Mon souci est, en fait, d'éviter toute difficulté d'interprétation ultérieure du mot « sincère » de la part du Conseil constitutionnel. C'est en effet une notion très subjective qu'on ne sait pas trop comment interpréter.
Je vise aussi, au travers de ce sous-amendement, la possibilité - c'est une situation que nous avons connue, mes chers collègues, il n'y a pas très longtemps pour le collectif budgétaire - d'ajustements en cours d'année de prévisions de sincérité. La rédaction que je propose rappellera donc aux uns et aux autres, et en particulier à M. le président Lambert, des souvenirs assez récents.
M. le président. La parole est à M. Fréville, pour défendre l'amendement n° 263 rectifié.
M. Yves Fréville. Cet amendement vise, au fond, à présenter un corollaire au principe de sincérité, qui a d'ailleurs été largement débattu à l'Assemblée nationale : le principe de cohérence.

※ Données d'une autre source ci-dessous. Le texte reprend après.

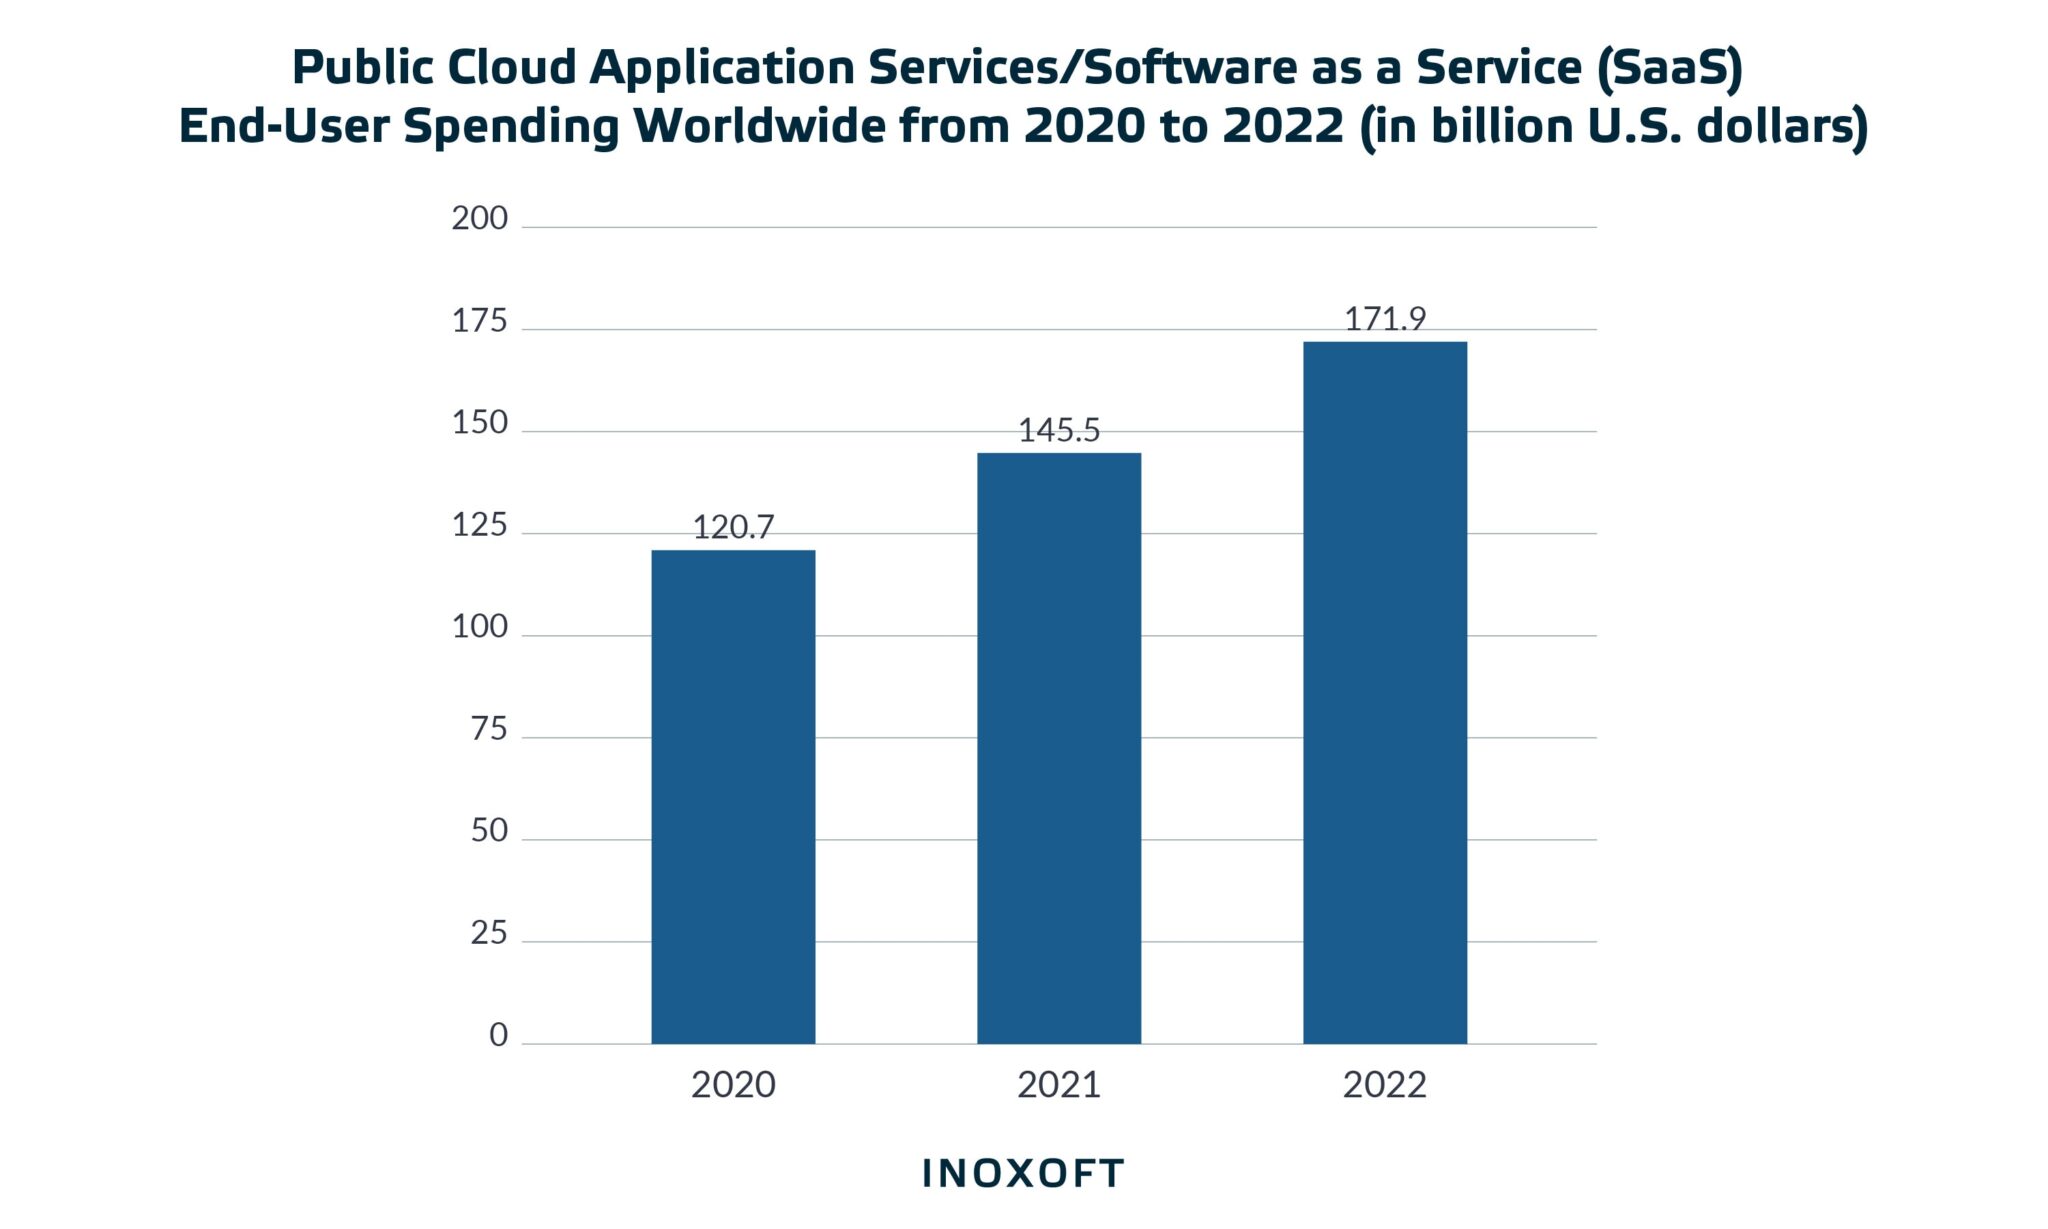 Bar chart of public cloud application services/software as a service (SaaS) end-user spending worldwide from 2020 to 2022 (in billion U.S. dollars)

En effet, si nous avons à examiner la loi de finances, nous avons aussi à discuter en même temps de la loi de financement de la sécurité sociale, soit deux textes qui doivent eux-mêmes être coordonnés avec la prévision triennale présentée devant les institutions européennes et avec un ensemble d'informations à caractère économique et financier fournies au Parlement, tant en matière de résultats qu'en matière de prévisions.
La difficulté vient de ce que chacun de ces textes, chacune de ces informations est présenté avec des règles spécifiques. Les nomenclatures comptables sont différentes, les systèmes comptables sont également distincts. Dans le présent texte, il y a au moins quatre systèmes de comptabilité : une comptabilité générale, une comptabilité budgétaire, une comptabilité analytique et une comptabilité nationale, à laquelle la commission fait, à très juste titre, référence.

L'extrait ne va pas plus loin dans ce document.